_Recorded data:_
--------------------------------
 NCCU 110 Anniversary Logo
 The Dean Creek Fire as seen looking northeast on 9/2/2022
--------------------------------
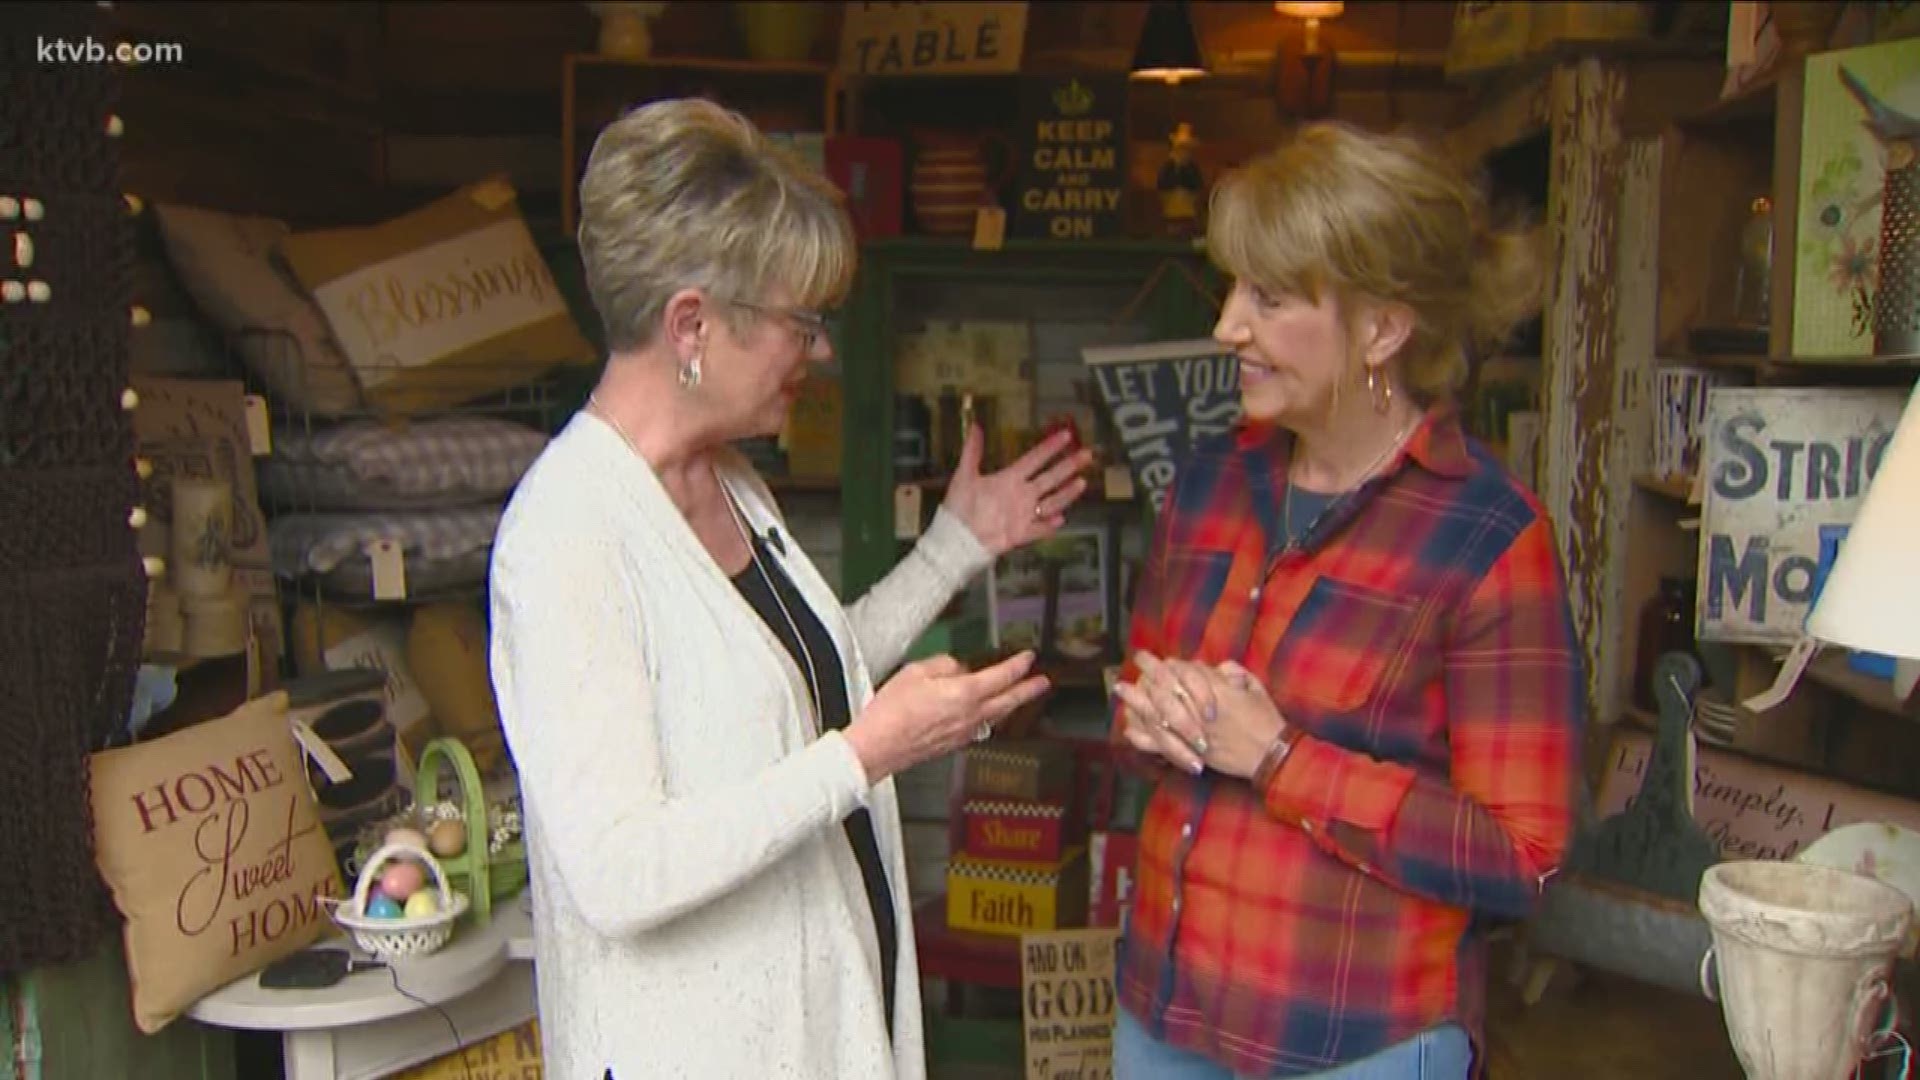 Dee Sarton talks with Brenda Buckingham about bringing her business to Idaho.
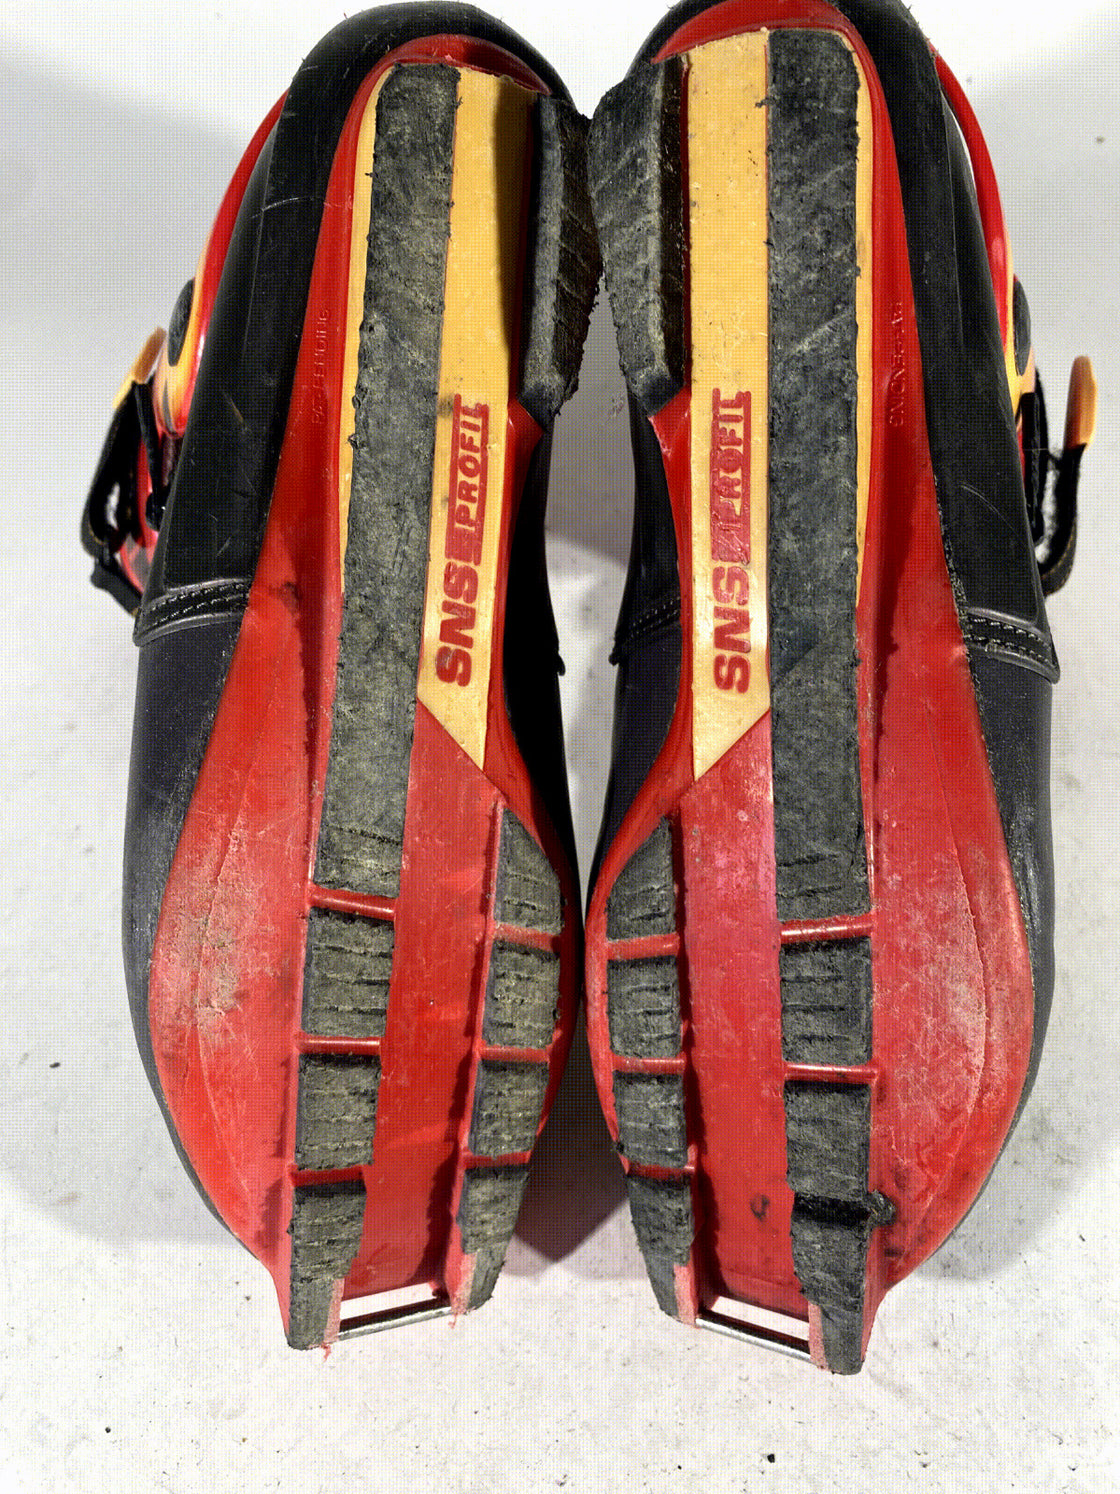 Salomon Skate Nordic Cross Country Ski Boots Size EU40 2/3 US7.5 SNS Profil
--------------------------------
_Description of the task:_
Starting at the line above that has "Dee Sarton talks" and ending at the line that has "Salomon Skate Nordic", copy each line exactly, leaving the pictures out and adding nothing.

_Output:_
 Dee Sarton talks with Brenda Buckingham about bringing her business to Idaho.
 Salomon Skate Nordic Cross Country Ski Boots Size EU40 2/3 US7.5 SNS Profil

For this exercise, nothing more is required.